In the second group of patients (34 subjects), the condition deteriorated 12 to 18 months after transplantation. The third group included 22 patients whose health status was stable for up to 36 months, with no worsening. There were no deaths in the 70 patient group over three years.

Repeat transplantation fully replicates the results of the first transplant and can be used as an alternative to a treatment complex consisting of cholesterol-lowering and angina medications. Another way to use a graft based on a biocompatible polyacrylamide hydrogel is to look at the example of a burn center. We use the resulting biocompatible polyacrylamide hydrogel.

Twenty-two people were selected for the study in the experimental and control groups. Composition by age: 8 children from 1 to 12 years with 2-3 ab degree burns, burn area from 1.5 to 25%, and 14 people from 16 to 67 years with 3 ab degree burns, burn area from 1.5 to 25% 25%. Subcutaneous injection of a biocompatible polyacrylamide hydrogel around a 2-3 ab grade burn site from 2-3 ml of graft within the first three days indicated that the open wound had become closed, helping to reduce electrolyte and protein loss.
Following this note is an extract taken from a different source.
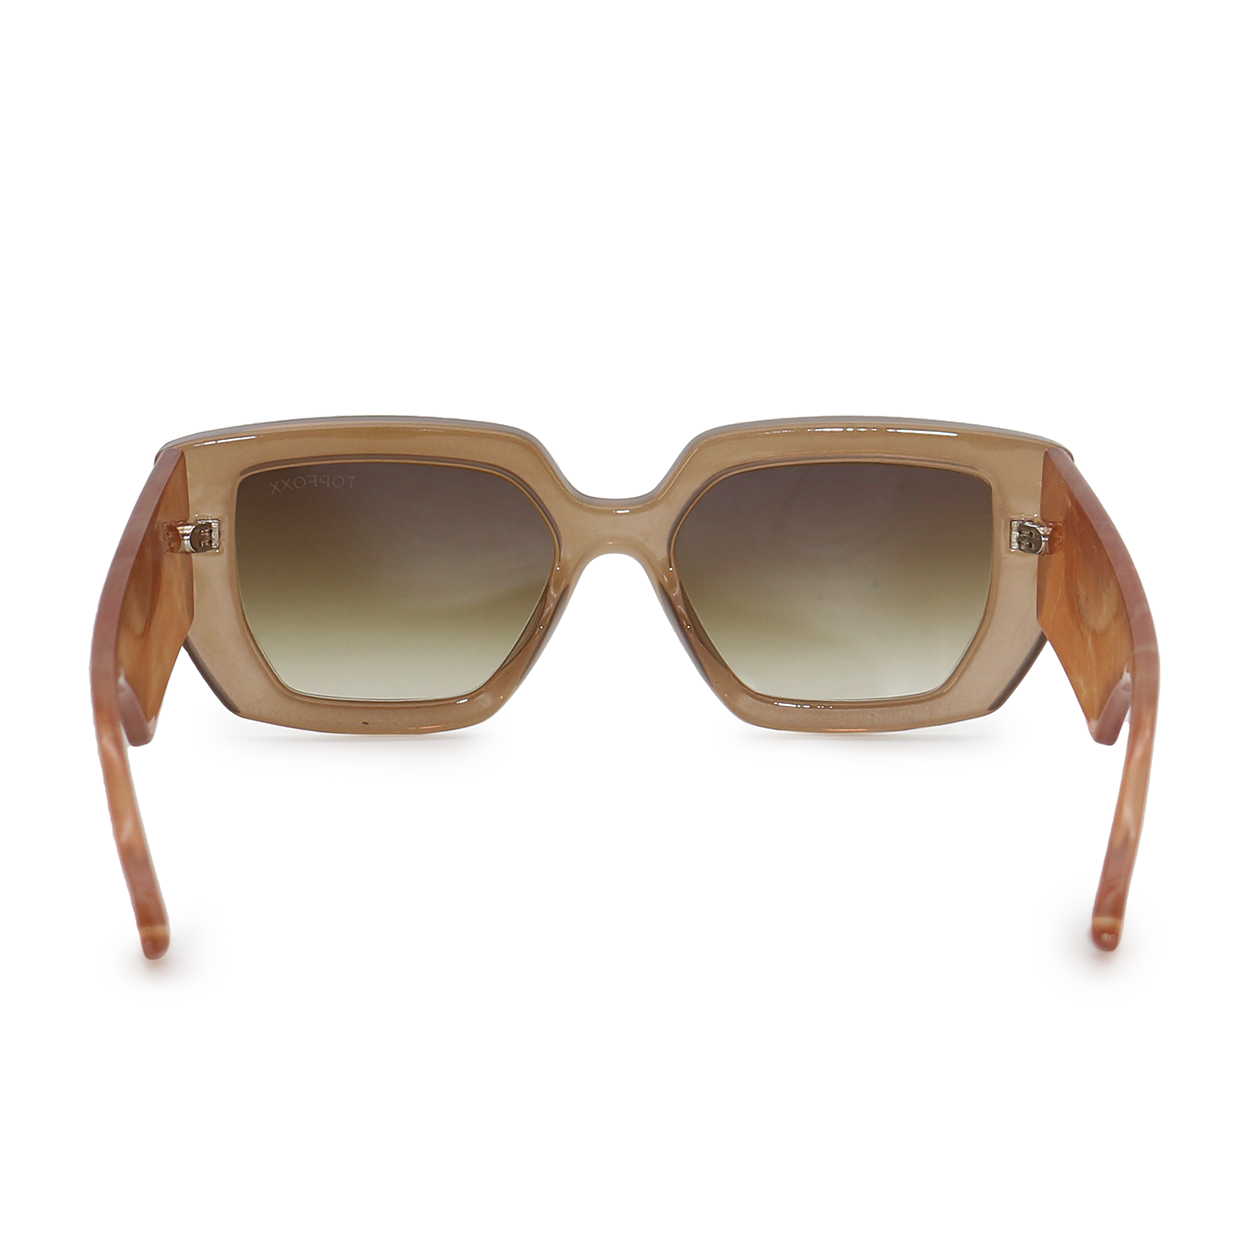 TopFoxx - Incognito Coffee - Oversized Square Sunglasses for Women - Eco Eyeware - Big Arms Sunglasses Back Profile

This, in turn, is important in the early treatment of patients with acute burns. In the control group, the open wound healed on day 11-12. One of the features of the use of a biocompatible polyacrylamide hydrogel is that there is no likelihood of mechanical damage to the granules, drying of the damaged surface, and secondary necrosis. We also note that the epithelization time of the damaged surface is significantly reduced.

Thus, the use of biocompatible polyacrylamide hydrogel provides new opportunities for the development of other materials that can be used to repair cartilage and bone tissue by promoting wound healing and tissue regeneration in burn therapy.

Claims (5)

A biocompatible polyacrylamide hydrogel containing a solution of polyacrylamide and 0.9% sodium chloride, wherein the polyacrylamide is an acrylamide copolymer with N, N'-methylene-bis-acrylamide, which is characterized by the addition of ammonium persulfate and N, N, N'-tetramethylethylenediamide, with a component ratio (% by weight) DEFINITION OF INVENTION acrylamide 1.9-9.0; N, N'-methylene-bis-acrylamide 0.006-0.1; N, N, N ', N'-tetramethylethylenediamide 0.004-0.5; ammonium persulfate 0.02-0.2; sodium chloride solution 0,9% the remaining part Biocompatible polyacrylamide hydrogel according to claim 1, characterized in that the 0.9% sodium chloride solution is prepared on the basis of structured water (obtained from melted ice). A process for the preparation of a biocompatible polyacrylamide hydrogel comprising the steps of: copolymerizing acrylamide with N, N'-methylene-bis-acrylamide in a dispersion medium, with ammonium persulfate and N, N, N'-tetralmethylenediamide, washing the resulting gel to homogeneous state followed by homogenization and sterilization; The method is characterized in that the obtained gel is washed in 6 steps over 3 hours, allowed to swell for 18 hours at 20-30 ° C, using 0.9% w / w sodium chloride solution as the dispersion medium, as follows: acrylamide 1.9-9.0; 0.006-0.1; 0.004-0.5; 0.02-0.2; N, N'-methylene-bis-acrylamide N, N, Ν ', N' - tetramethylethylenediamide ammonium persulphate sodium chloride solution 0,9% residue. A process for preparing a biocompatible polyacrylamide hydrogel according to claim 3, characterized in that the copolymerization is carried out at 20-28 ° C for 30-60 minutes, washing with 0.9% sodium chloride solution, homogenization for 5-15 minutes, sterilization with 80- 90 ° C for 5-10 minutes, maintained for two hours and then sterilized a second time at 118-135 ° C at 1.5-2.5 bar for 15-45 minutes. Process for the preparation of a biocompatible polyacrylamide hydrogel according to claims 3 and 4, characterized in that the 0.9% sodium chloride solution is based on structured water (obtained from melted ice).